Posted in interesting things that caught my attention, Lists, math-rock, music, the universe will wreck you with tags , , , , , , , , , , , , , , , , on 01/13/2012 by alex c

Near the end of 2011, as I was ruminating about my favorite albums of the previous three hundred fifty days, my thoughts couldn’t help but gravitate toward all the new older music I had been turned on to over the course of the year. A few months back, when I wasn’t working a whole lot, I got a little obsessive with my music cataloging and tagging.
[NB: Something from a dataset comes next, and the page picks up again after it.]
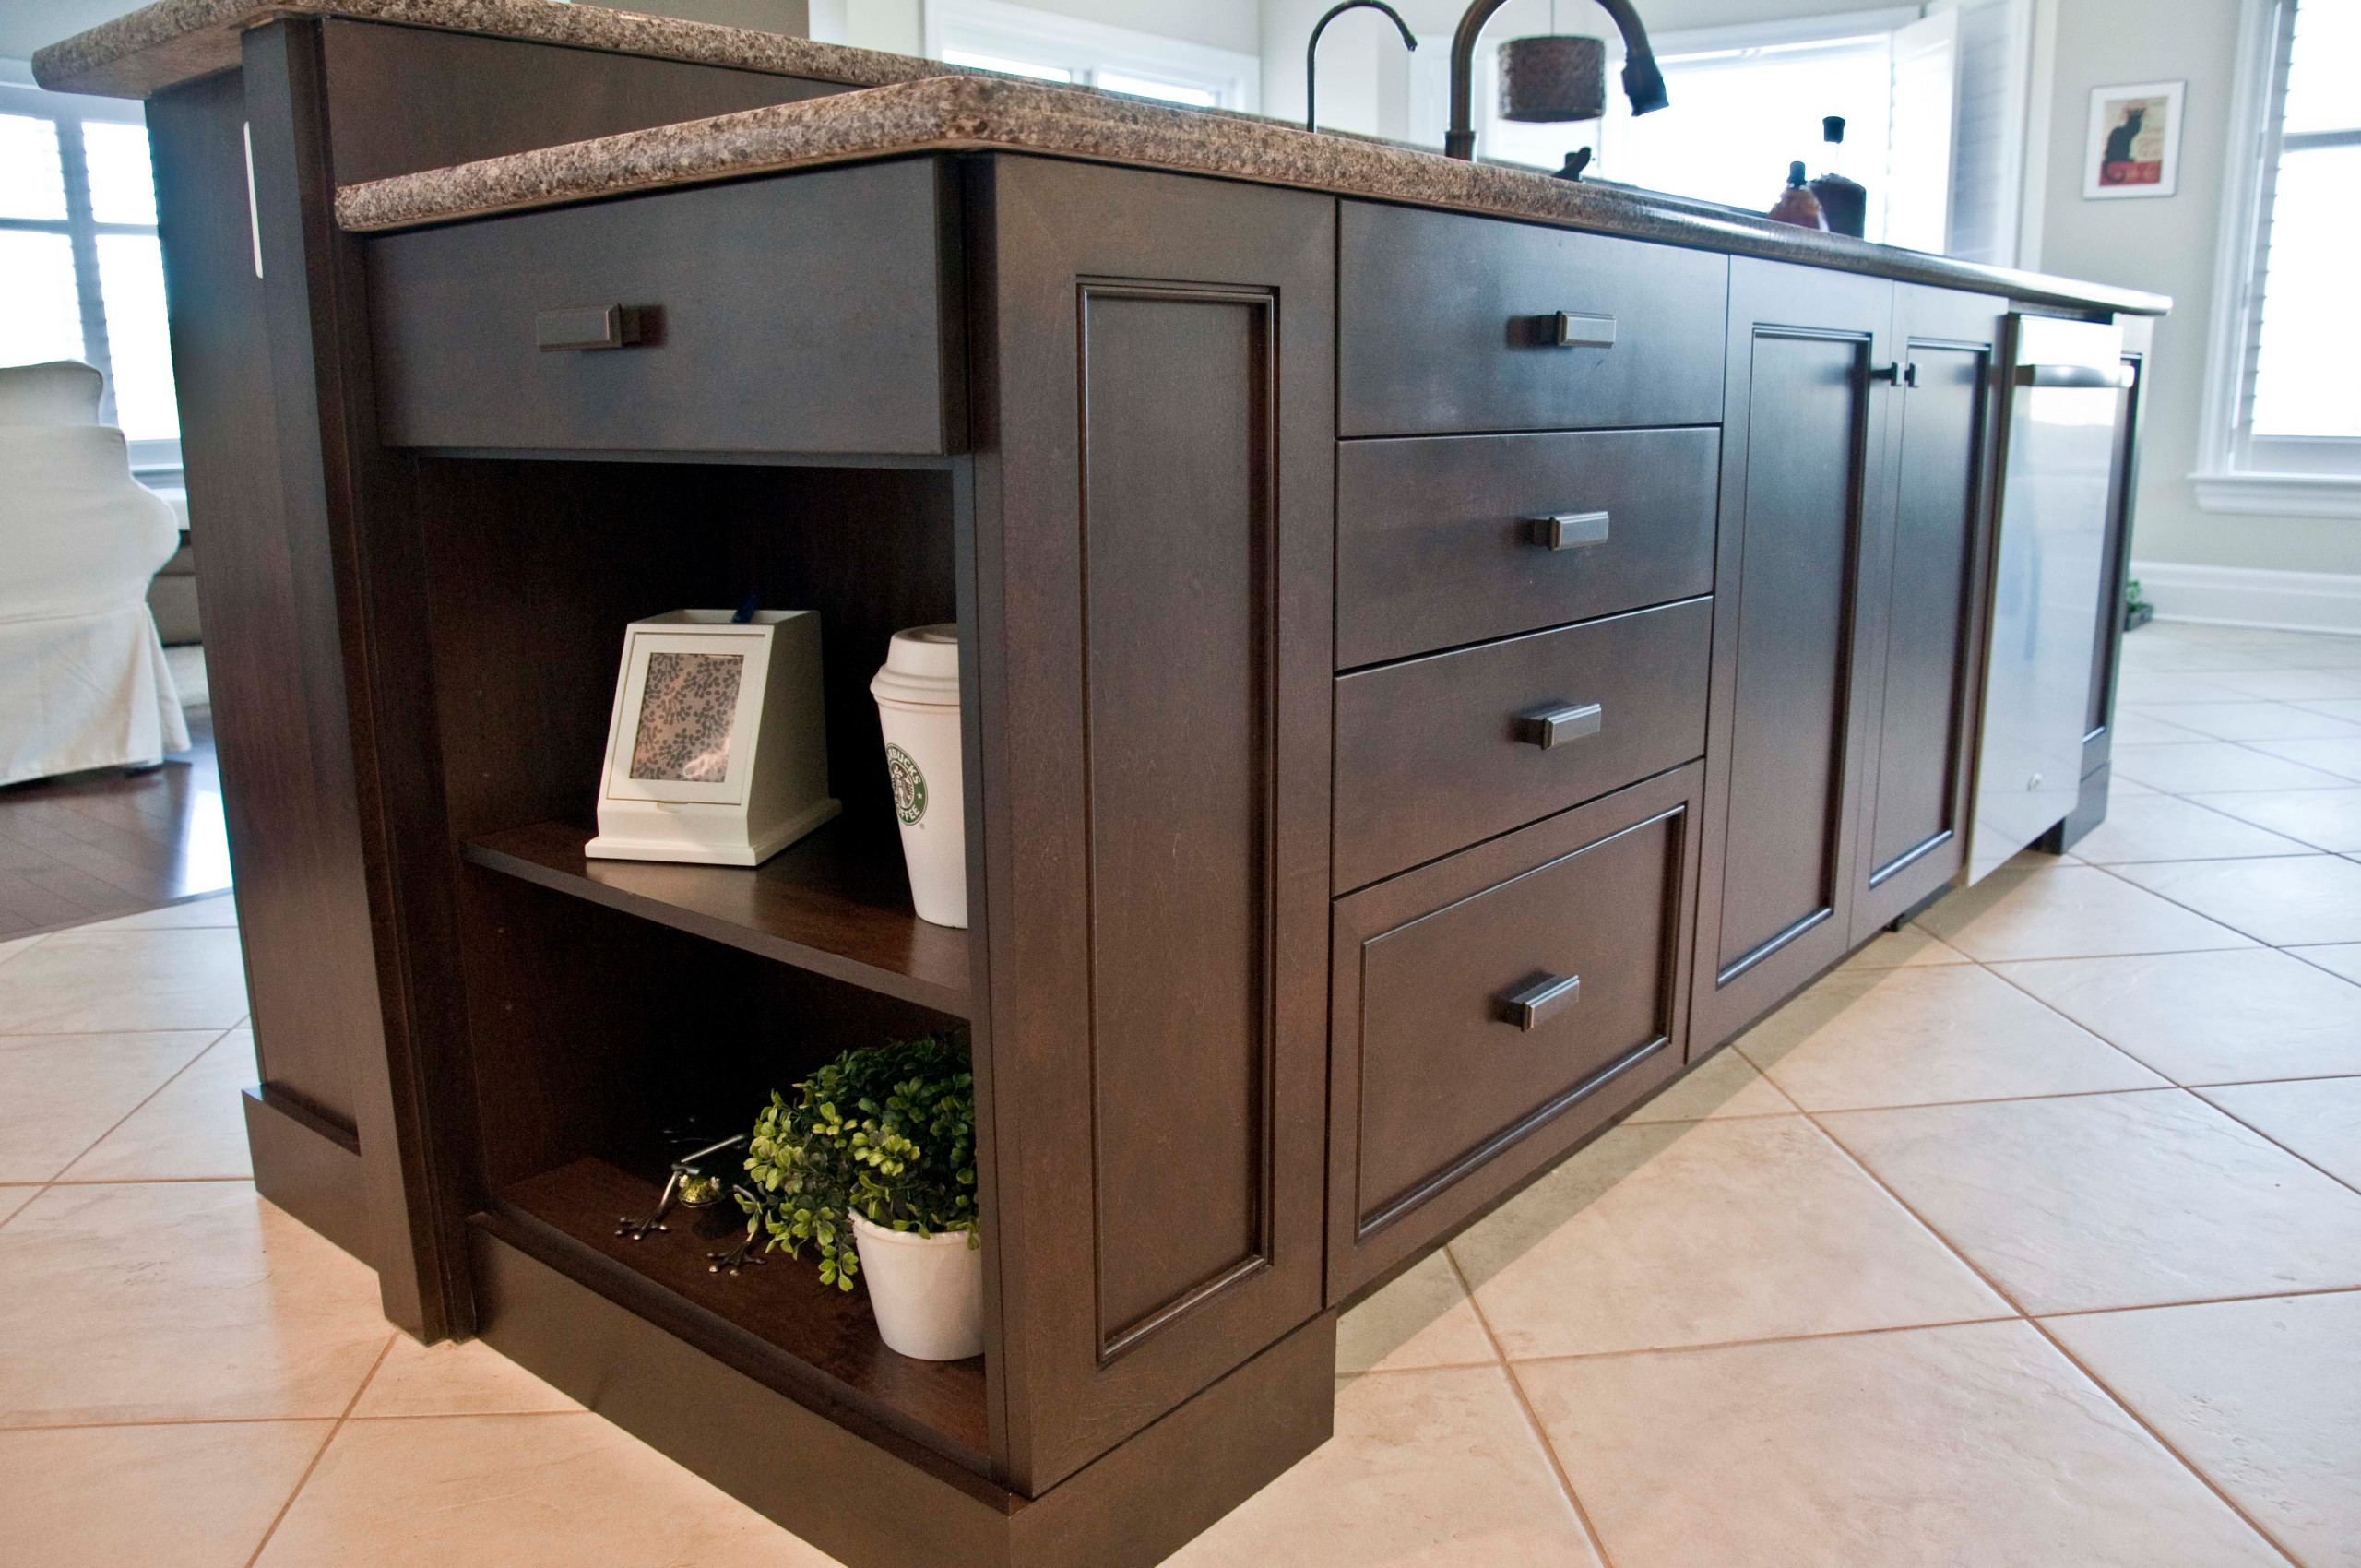 A kitchen island featuring open shelving

Once you get into the grit of that, you start to notice patterns in listening, in collecting, in traversing histories, et cetera. So when I decided to compile my own year-end-best list, I thought I would do a full post on some of the other new material that happened to be released during a previous calendar. Sure, I wanted to have this done over a week ago, but I’ve been both extraordinarily busy of late and it was also just fun to go back and have a bunch more listens to all this stuff. (I plan on continuing this practice, as it also happens to be a great memory aide.) So what follows is basically alphabetical accounting of my favorite non-2011 music I first heard in 2011.

AnacrusisManic Impressions (1990), CoronerMental Vortex (1991)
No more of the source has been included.